A Conversation With Phil Lesh

Former Grateful Dead bassist discusses his life-saving surgery, jamming with Phish and the Dead's legacy

Posted May 14, 1999 12:00 AM

Trip along with Phil in G2


Phil Lesh's long strange trip veered into darkness last year, when he found he needed a liver transplant after contracting Hepatitis C more than a decade ago. Last December, the former Grateful Dead bassist had life-saving surgery and learned some profound lessons about himself and what was important to him: Namely, being with his family, continuing to play music and becoming more active in his Unbroken Chain Foundation, which he and his wife Jill founded in 1997. Lesh is continuing the thirty-year-long tradition of community service that the Grateful Dead started with their Rex Foundation, and has recently extended his giving to include other people who need organ transplants.


Lesh spoke candidly about his illness, and recovery -- a recovery that was so remarkable, even his doctors were astonished. He is certain that his miraculous recovery had everything to do with "Five Minutes for Phil," a world-wide prayer circle that Deadheads organized on the Sunday before Lesh was to undergo surgery. Lesh also revealed what it was like to play with Phish, who many consider the "new Grateful Dead." And if you're wondering what his plans are for this New Year's Eve, here's a hint: He won't be at the Pyramids, no matter what you've heard.


Doing Grateful Dead songs with other players, after playing them for so many years with the Dead, are you approaching them differently? Is there a different relationship between you and those songs?
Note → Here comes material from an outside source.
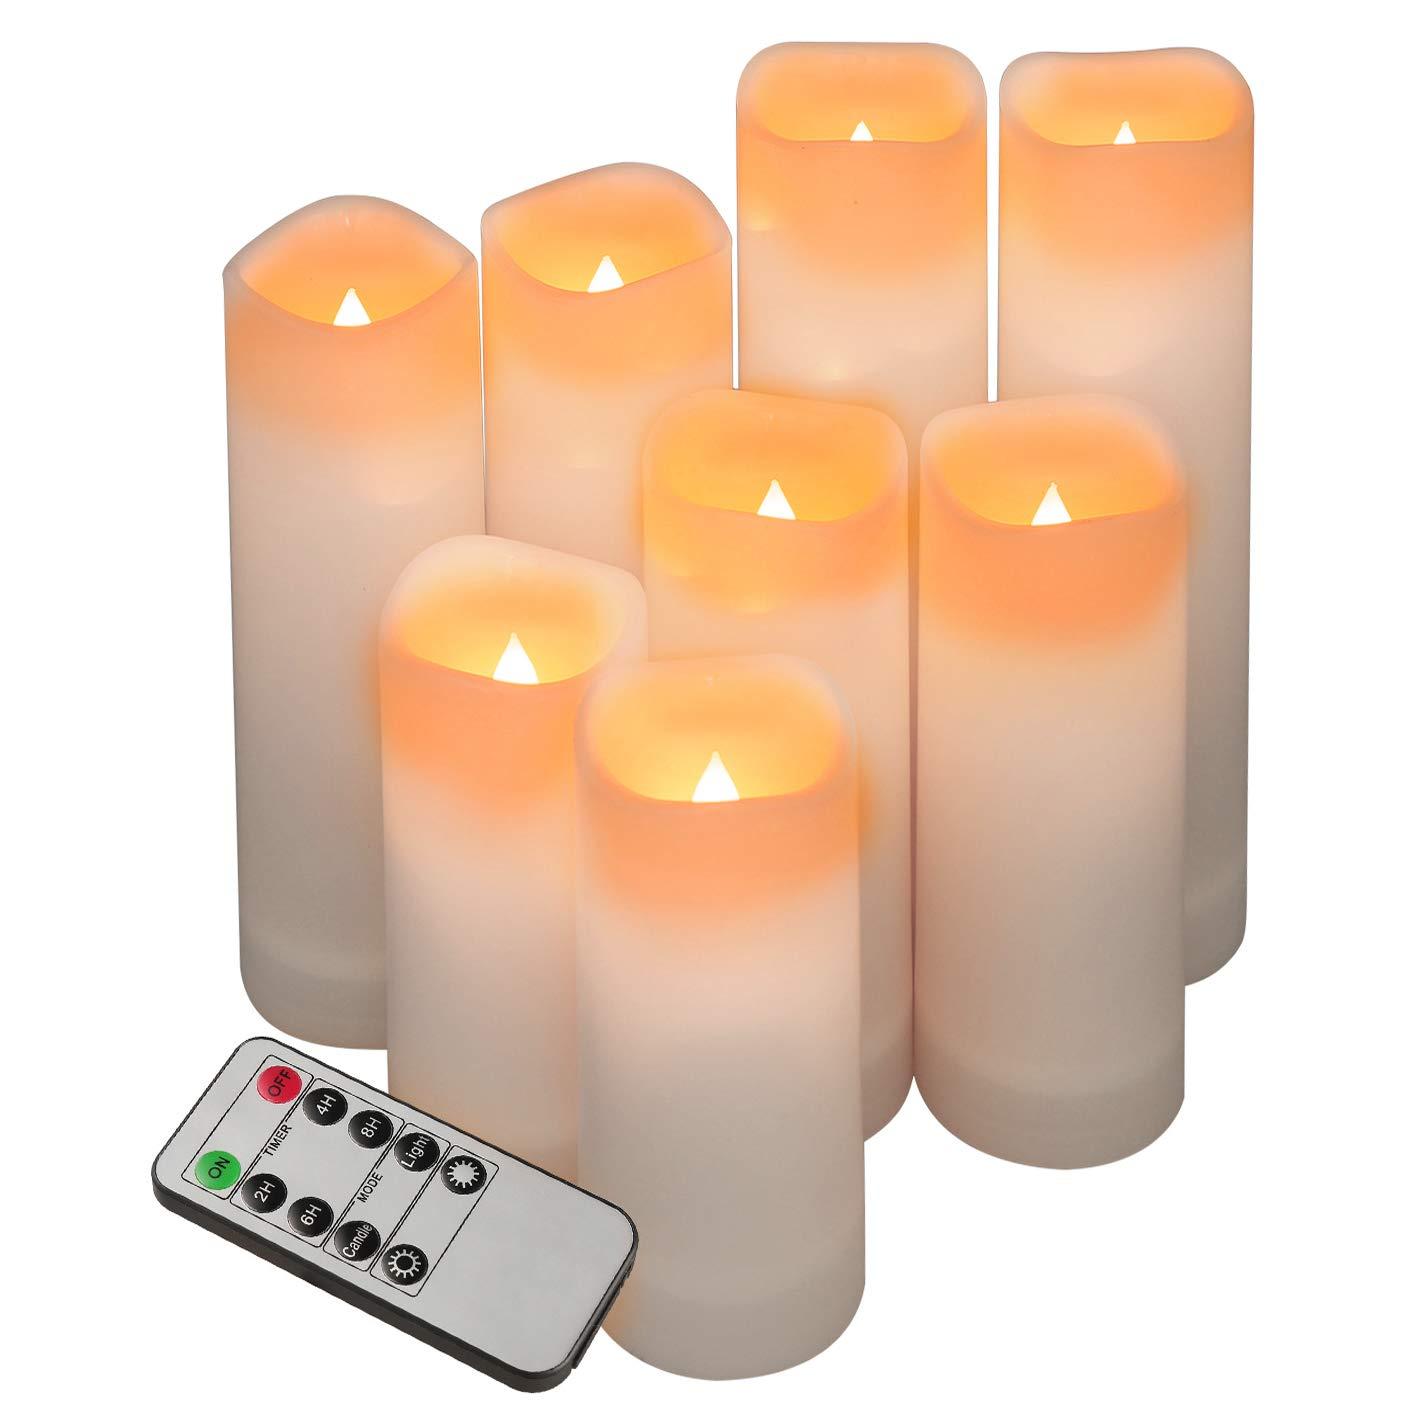 Flameless Candles Waterproof Outdoor Set Of 9 D 2.2/'/' X H 5/'/'5/'/'6/'/'6/'/'6/'/'7/'/'7/'/'7

Absolutely. First of all, I'm singing songs Jerry used to sing. Just that by itself is a whole new slant on it, because I really have to consider the meaning of the words, and how to project what it is that I mean to myself when I'm singing them. Then, of course, there's the unusual -- for me -- situation of having to play the bass and sing at the same time, which is not easy, and I never had to do that much in the Grateful Dead. When I did, I was singing harmonies and not leads, except for one or two songs. So, it's been an education for me to train myself to do that with some degree of confidence and dexterity.


It seems very natural. You're certainly communicating to the audience.


That's certainly what I'm trying to do, and to that end I have been taking voice lessons. It's very, very helpful. I actually found myself using things that I had heard. Gee, it's working.


Can you talk a little about the "Let Phil Sing" campaign?


That was a running joke between the Deadheads and the band. They'd bring signs that said "Let Phil Sing," and I would always respond, "What do you mean, it's 'Make Phil Sing.'"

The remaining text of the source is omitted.